*** MATERIAL PROVIDED Section Begins ***

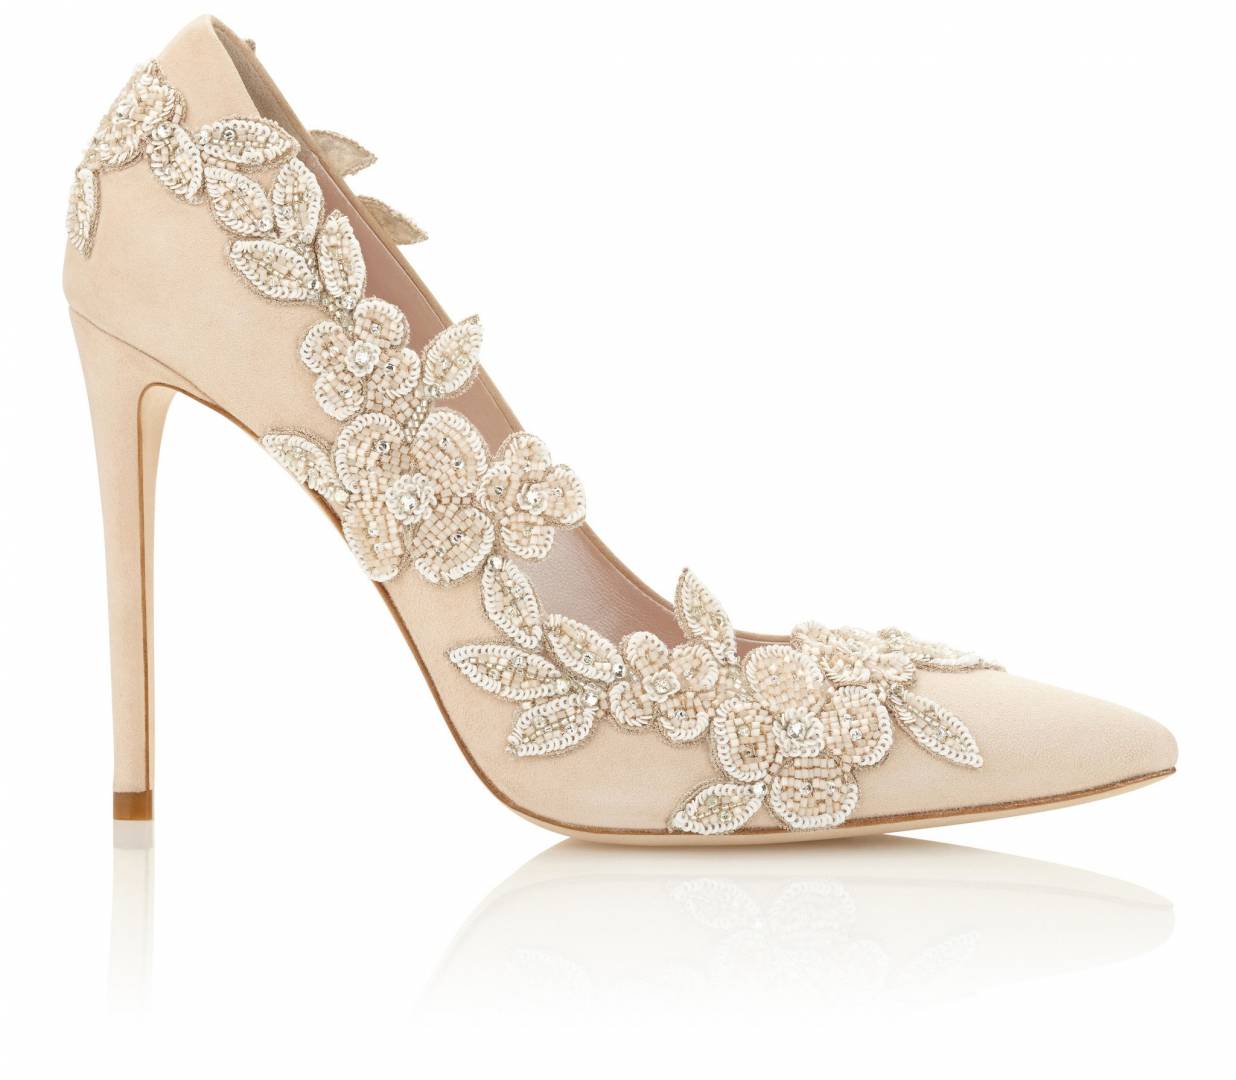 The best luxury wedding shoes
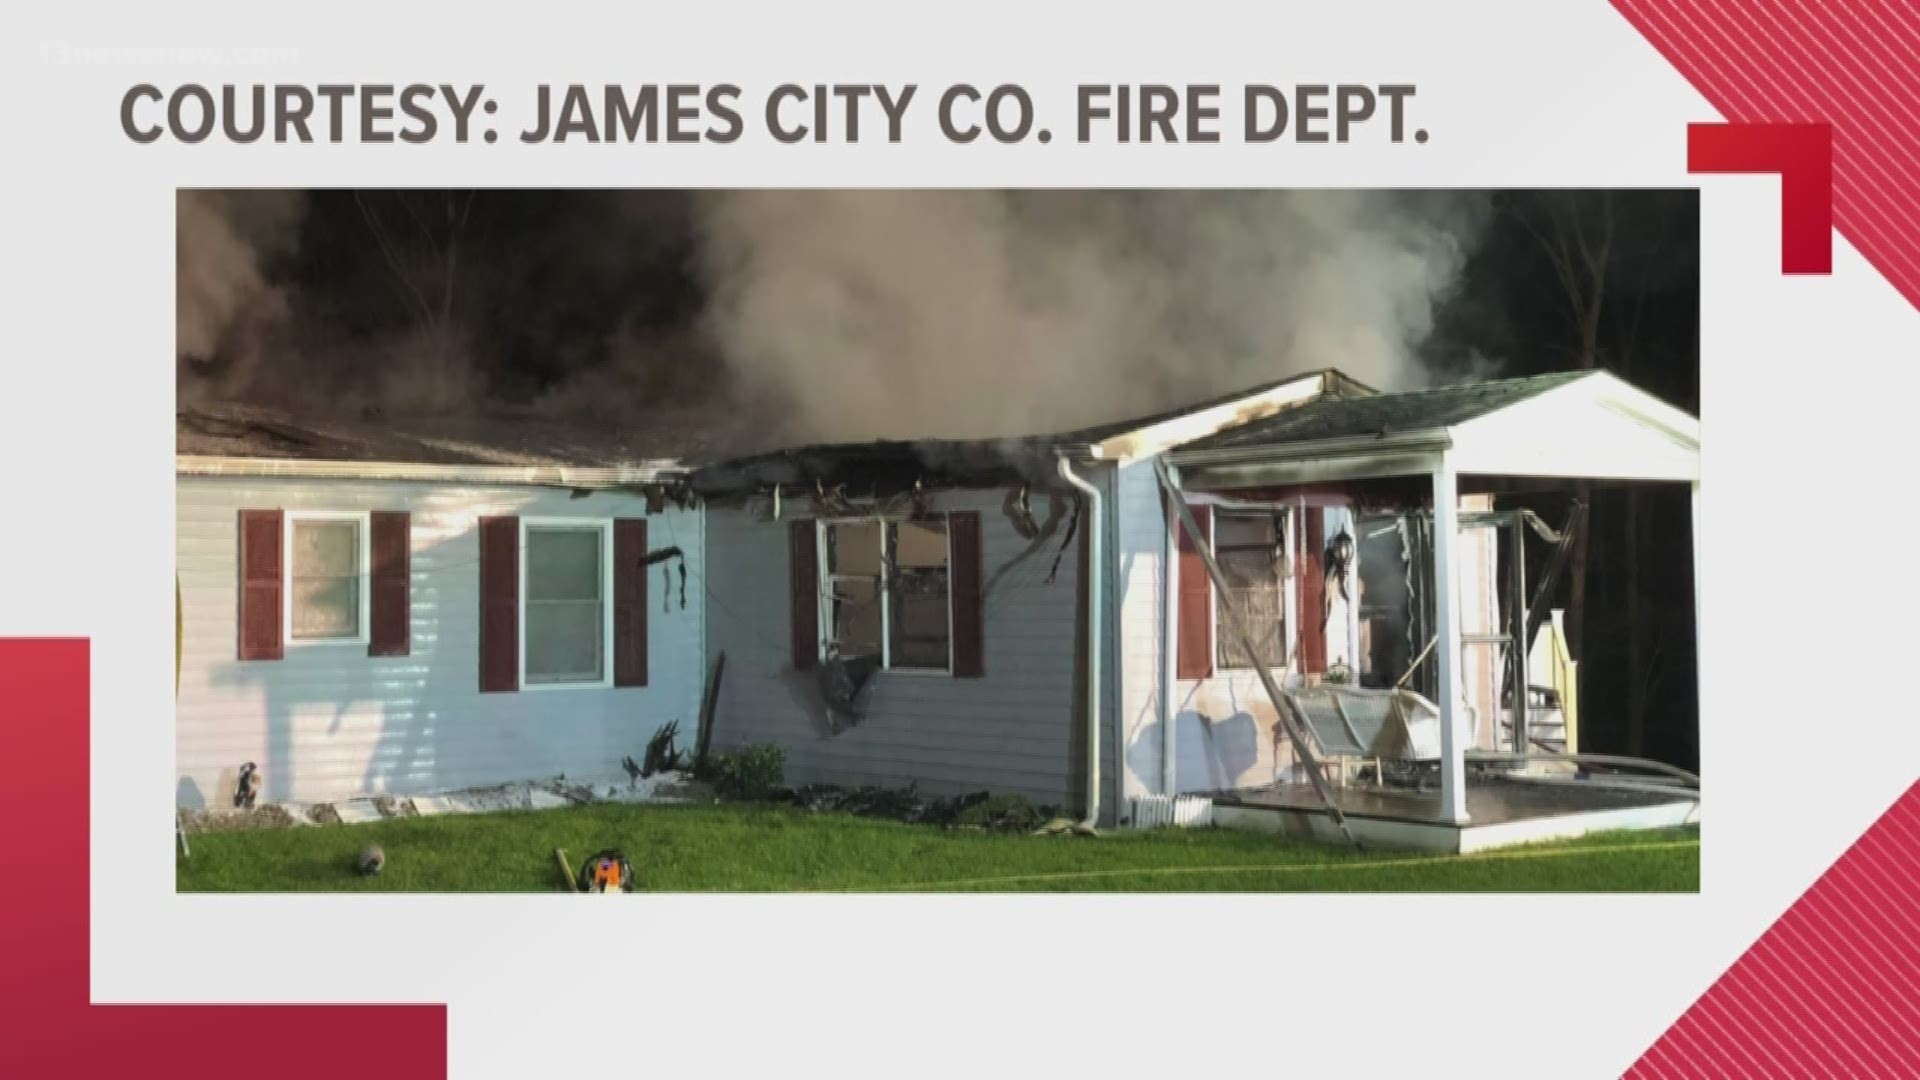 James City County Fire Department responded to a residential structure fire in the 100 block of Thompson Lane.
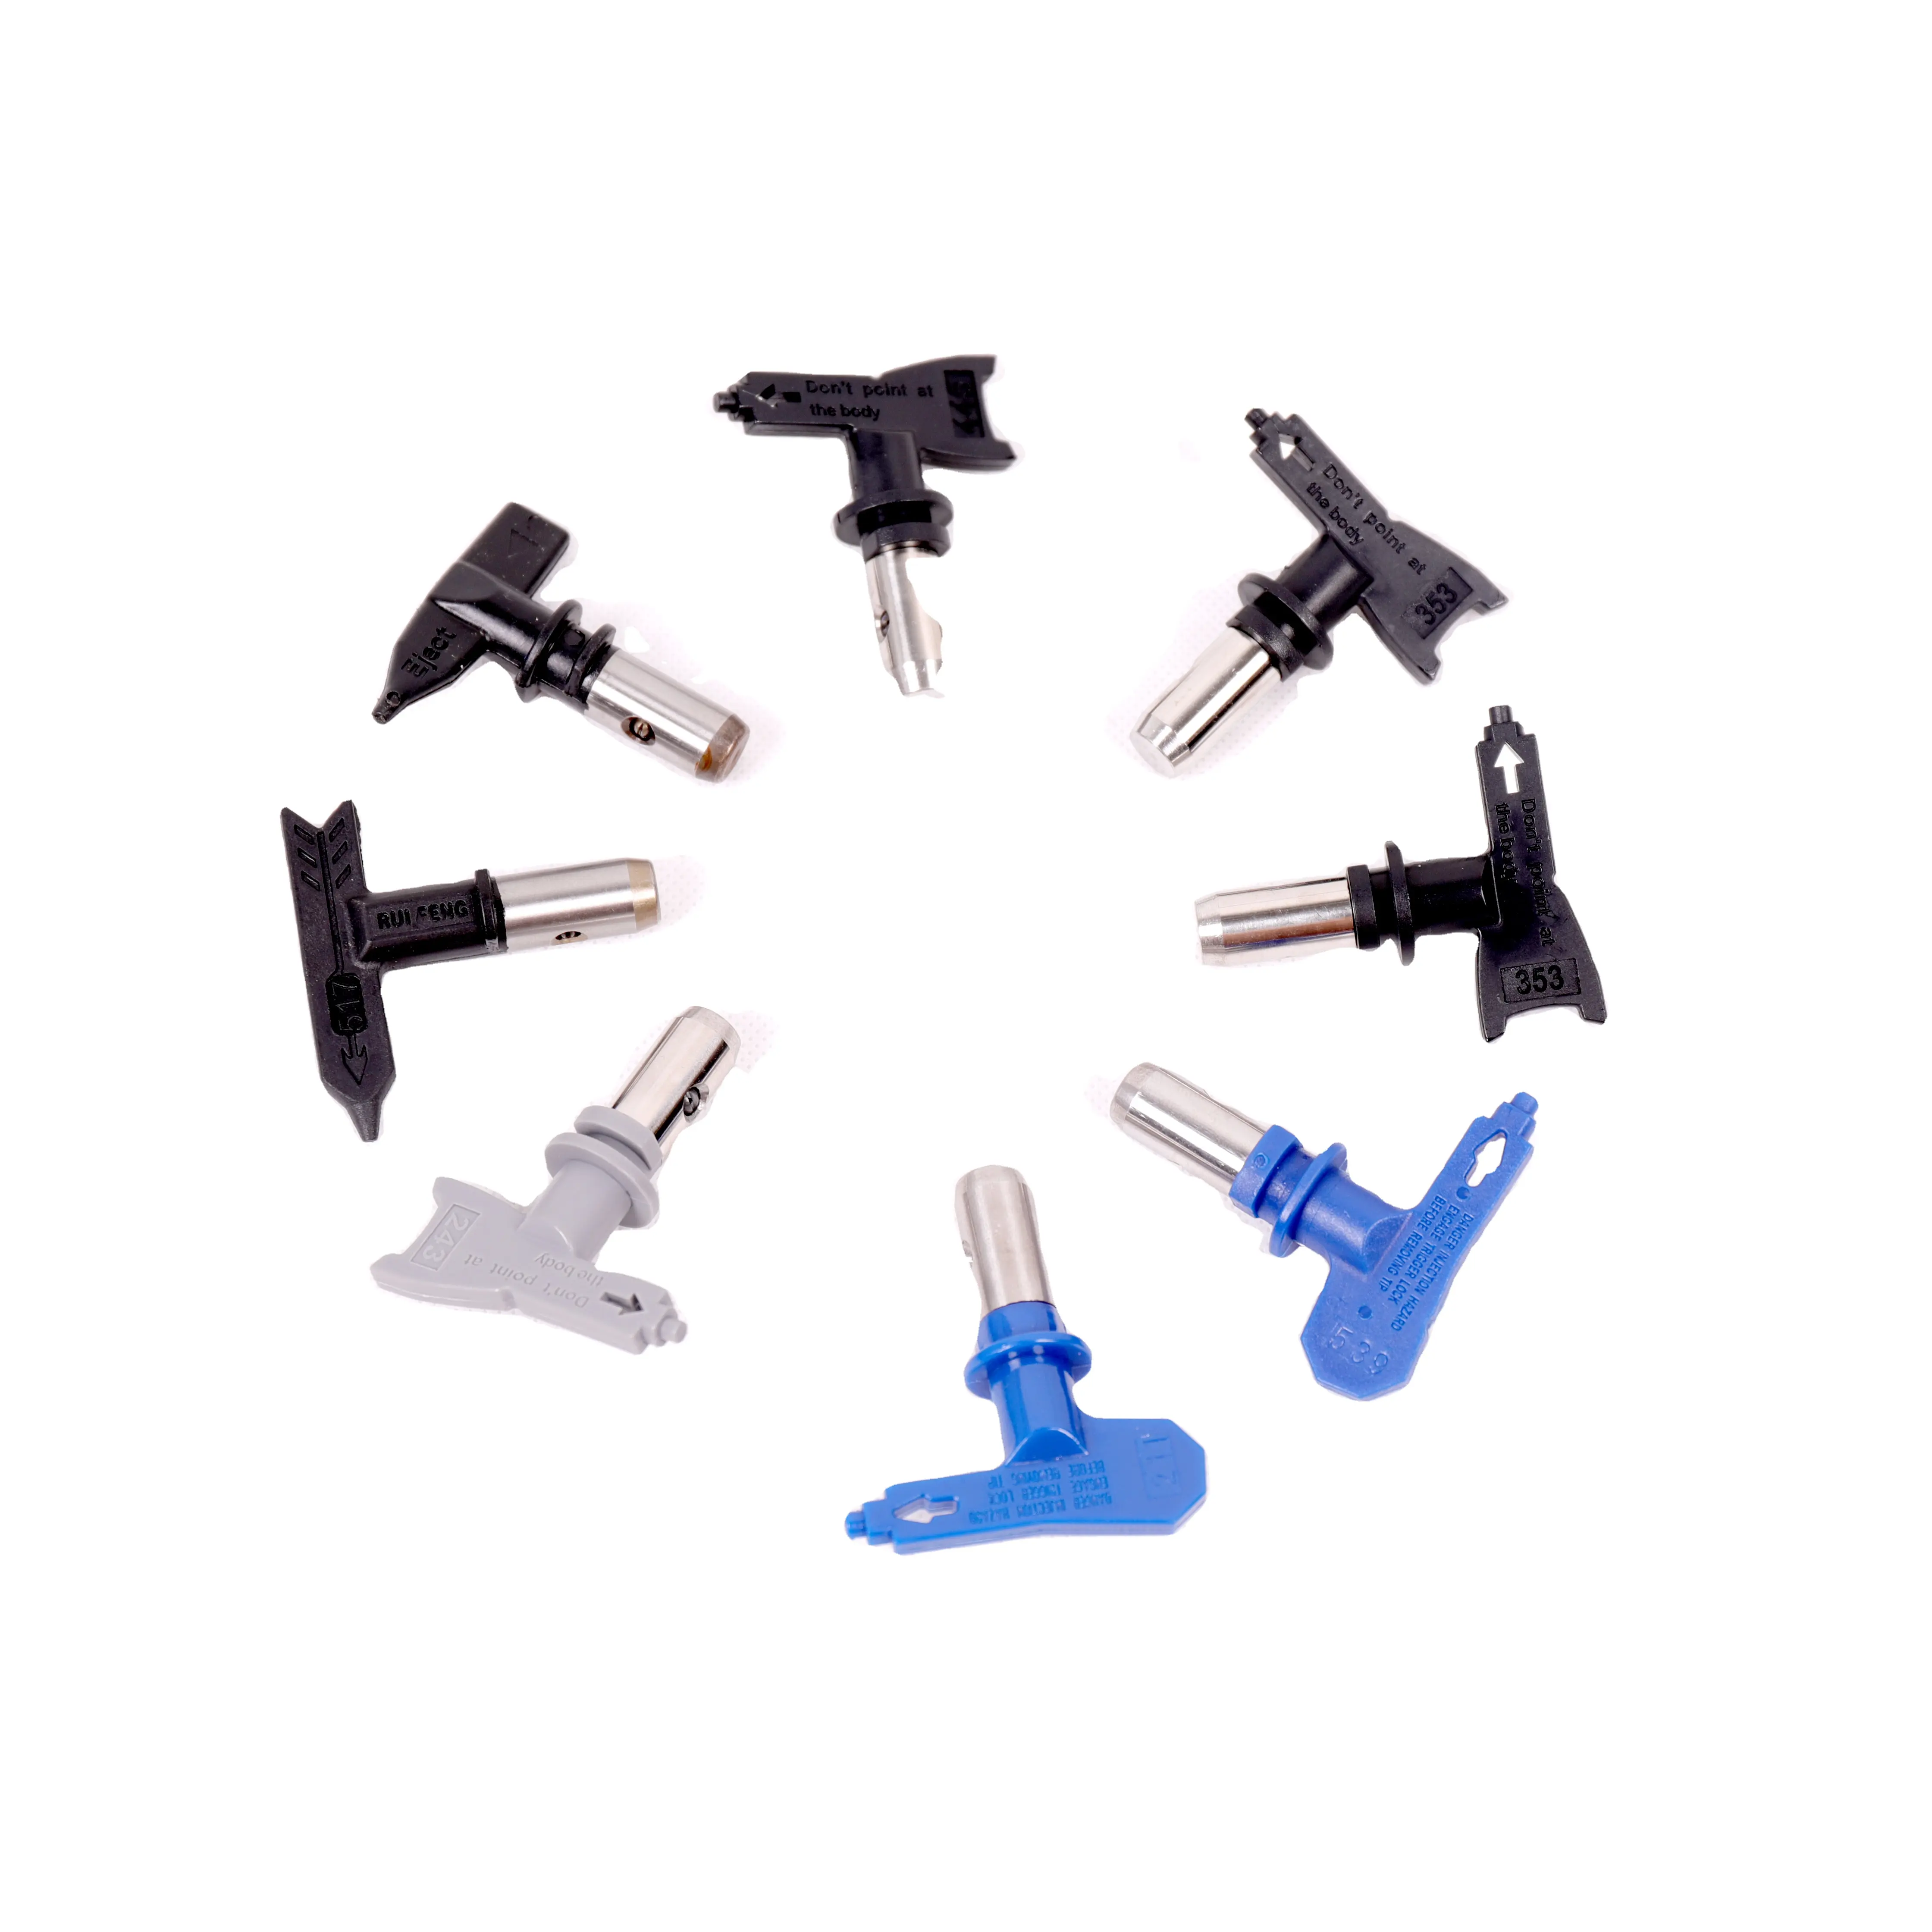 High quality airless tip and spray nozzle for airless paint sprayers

*** MATERIAL PROVIDED Section Ends ***

# [INSTRUCTIONS TO FOLLOW]
Quote the listing above in full, except for the pictures.

# [ANSWER SECTION]
 The best luxury wedding shoes
 James City County Fire Department responded to a residential structure fire in the 100 block of Thompson Lane.
 High quality airless tip and spray nozzle for airless paint sprayers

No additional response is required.